What the fuck are you on about, as much as you don’t care who Slater is, nobody cares that you don’t know who he is. There are millions of people who know who SLater is, but thats not the point. Its not about popularity. You and half the world are painfully missing that point.

As well as the fact that you don’t understand the real meaning of the word arrogance and are badly mixing it up with confidence.

Its all about doing your own thing (whatever that may be) and earning respect from your peers. GAA players get and deserve this for the most part. Now a few seem to be getting carried away lately, but they still have a great sense of loyalty generally, which is incredibly lost in professional soccer. Even NFL & AFL have managed to keep some loyalty alive, soccer is a joke in that regard.

As for appreciation of a sports skills, well its subjective and all about taste. Neither of us can win that argument.

From what I’ve seen of them LOI players seem to keep low profiles and really only mingle amongst themselves. The GAA players love to be out in their locals getting their balls licked from the simpletons who latch on to them and have a high opinion of themselves. There’s a reason for GAA players ‘loyalty’ as you put it. In real life, outwith their little cliques they are nobodies. This is more or less a recent trend that has taken off in the past 10-15 years. I put this down to the huge resources being spent on an amatuer sport and their perceived sense of importance of being attached to a team. LOI soccer players are professionals who view as a job, they don’t go out seeking attention and slaps on the back from the sycophants who love to be seen with them. Also the Sigerson Cup has alot to play in these chaps view of themselves.

They are to be pitied really, at the end of the day they are nobodies, it probably won’t sink in until their 30’s.

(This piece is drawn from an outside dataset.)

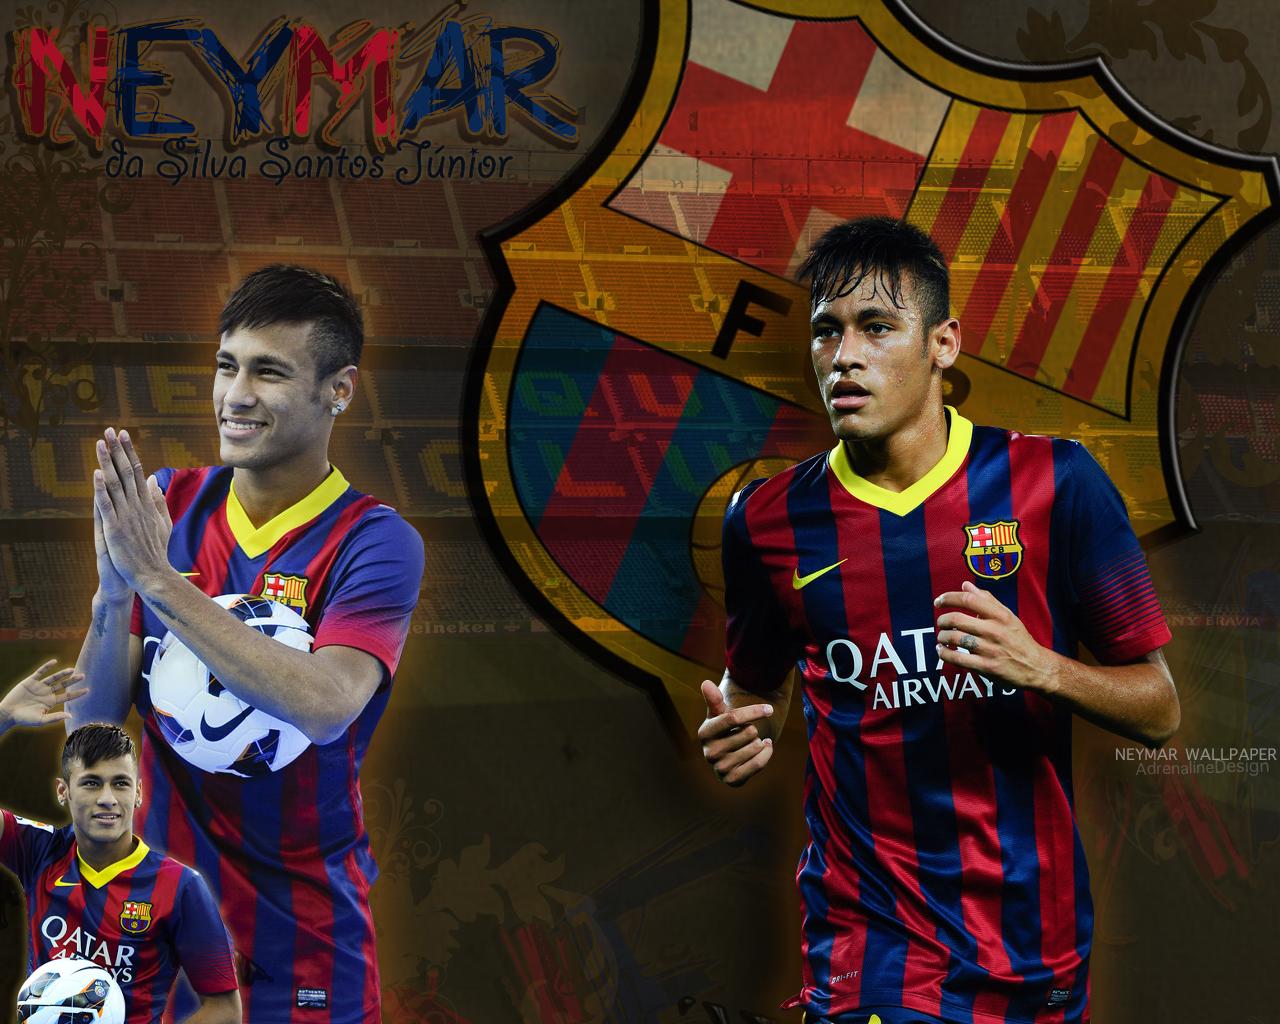 Neymar fc barcelona wallpaper by adrenaliinedesign on deviantart neymar fc barcelona wallpaper by adrenaliinedesign neymar fc barcelona wallpaper by adrenaliinedesign voltagebd Images

Loyalty is diminishing in GAA circles too with the trend of players accepting kick-backs to transfer from their home clubs to other clubs. Not to mention managers & trainers chasing the shilling and getting involved with different teams from season to season depending on who’s paying the most. In fairness, this is something Christy Cooney has tried to clamp down on in the course of his outstanding GAA Presidency.